Learning Data Science: Getting Started

Get Started with Data Science on RYou’ve chosen R as your tool for getting started learning data science and machine learning. If you are coming from a background on the Microsoft technology stack, your decision to choose R was affirmed by the recent announcement that Microsoft acquired Revolution Analytics, a leader in the R world.

Download and install R from CRAN, The Comprehensive R Archive Network. You’ll find installers for Mac, Windows, and Linux. I’ve installed on both Mac and Windows. They are both simple and straightforward.

Next, download and install R Studio.
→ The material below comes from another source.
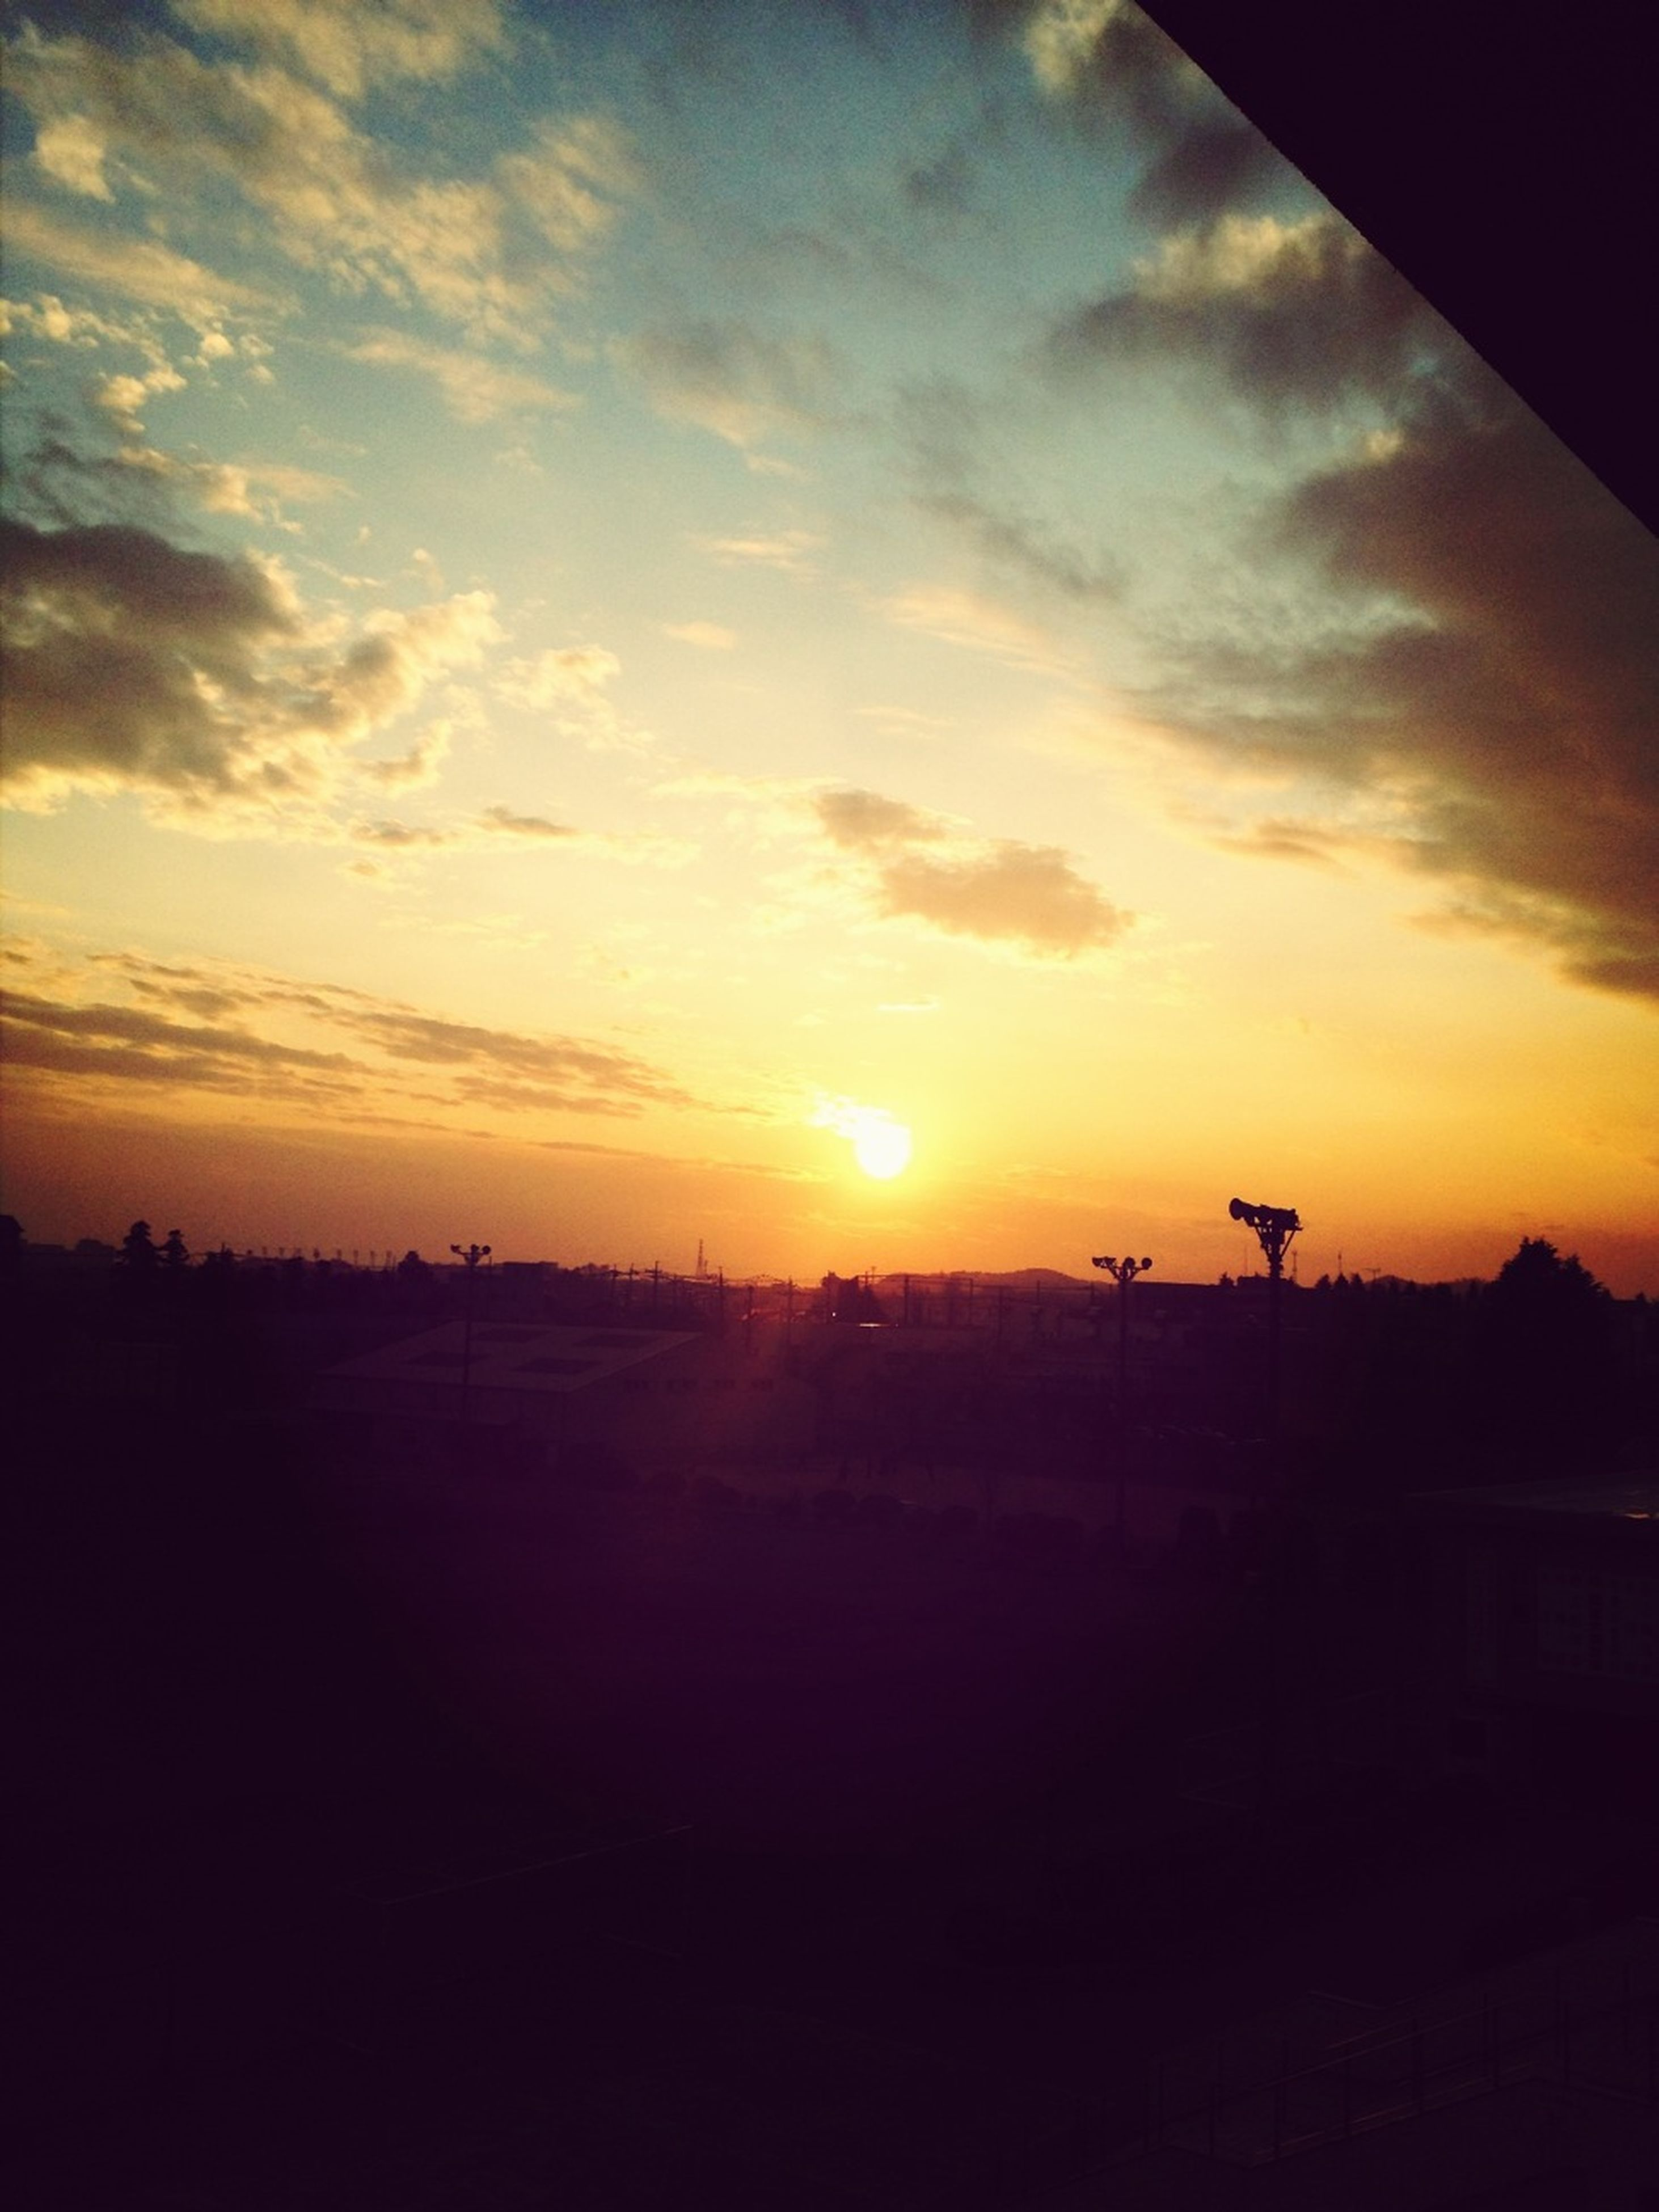 sunset, silhouette, sky, orange color, landscape, scenics, cloud - sky, beauty in nature, tranquil scene, tranquility, nature, sun, cloud, idyllic, field, sunlight, dark, dramatic sky, outdoors, no people

Even if you are a command-line person who thinks that IDEs rot the mind and inhibit true learning of a new language, trust me–you will still be writing R code in a Notepad-like experience and the integrated help, plots, and data views make R Studio a must-have. Just like R, R Studio is a a straightforward instal on Mac or Windows.

While you’re at it, download a copy of Introduction to Statistical Learning with Applications in R and The Elements of Statistical Learning. Two of the best data science books on the R platform are made freely available by the authors in electronic format!

Learning Data Science: Choose a Platform


DS-DecisionTree

One of the first questions I confronted when setting out to learn Data Science was what platform to use. As you begin to look at books and courses you realize that you’ll need a basic platform for working with data. Think of it as an IDE for data manipulation, statistics, and algorithms. For example, if you take Andrew Ng‘s popular Machine Learning course, you’ll be doing the exercises in Octave. If you take the machine learning course on Pluralsight, you be using ENCOG.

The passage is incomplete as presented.